Geneticists have deciphered the genetic code of the world's most studied microorganism, a bacterium called Escherichia coli. As reported in tomorrow's issue of Science*, the genome of this laboratory workhorse and common pathogen is 4.6 million base pairs long, making it the largest bacterial genome sequenced to date. This DNA includes 4288 genes, 40% of which are complete mysteries, says Frederick Blattner, whose group at the University of Wisconsin, Madison, began working toward this goal almost 15 years ago.
For decades, microbiologists, biochemists, geneticists, and cell biologists have studied this easy-to-grow organism to gain insights into the biochemical workings of life. More recently, a pathogenic strain in tainted meat has made E. coli a household name. Many researchers hope the complete genetic code of the innocuous strain will help them understand what makes this new strain so deadly.

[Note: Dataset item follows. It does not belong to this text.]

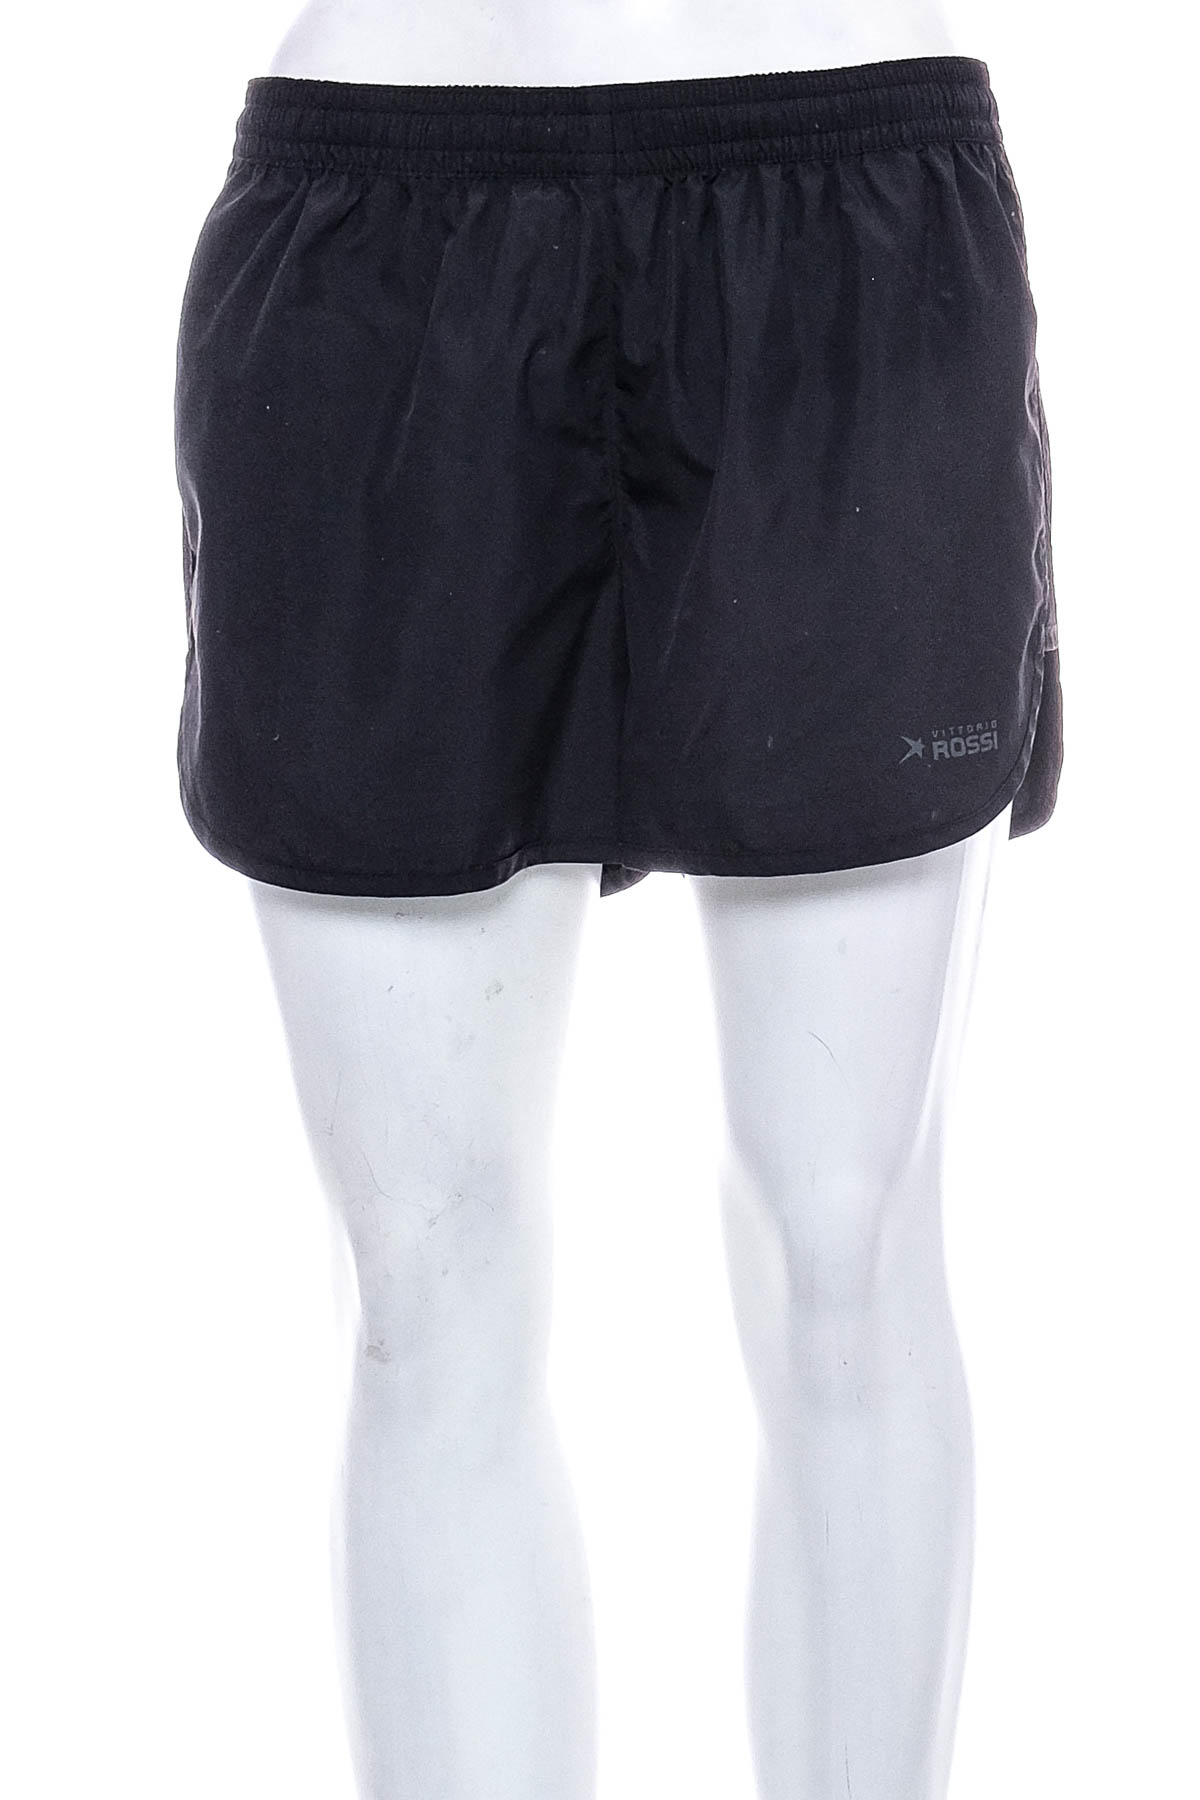 Women's shorts - Vittorio Rossi - 0

Already, partial E. coli sequences that Blattner and, independently, a Japanese team have deposited in a public database have given researchers a taste of how valuable such data can be. Matches between new genes from other species, including mammals, and these E. coli sequences have often helped researchers pin a name and function on their discoveries. Now, with the full genomic overview, researchers can begin to form a coherent picture of E. coli's complete biology. "Having this complete set of instructions gets us one step closer to understanding how a free organism functions," points out Francis Collins, director of the National Human Genome Research Institute (NHGRI) in Bethesda, Maryland.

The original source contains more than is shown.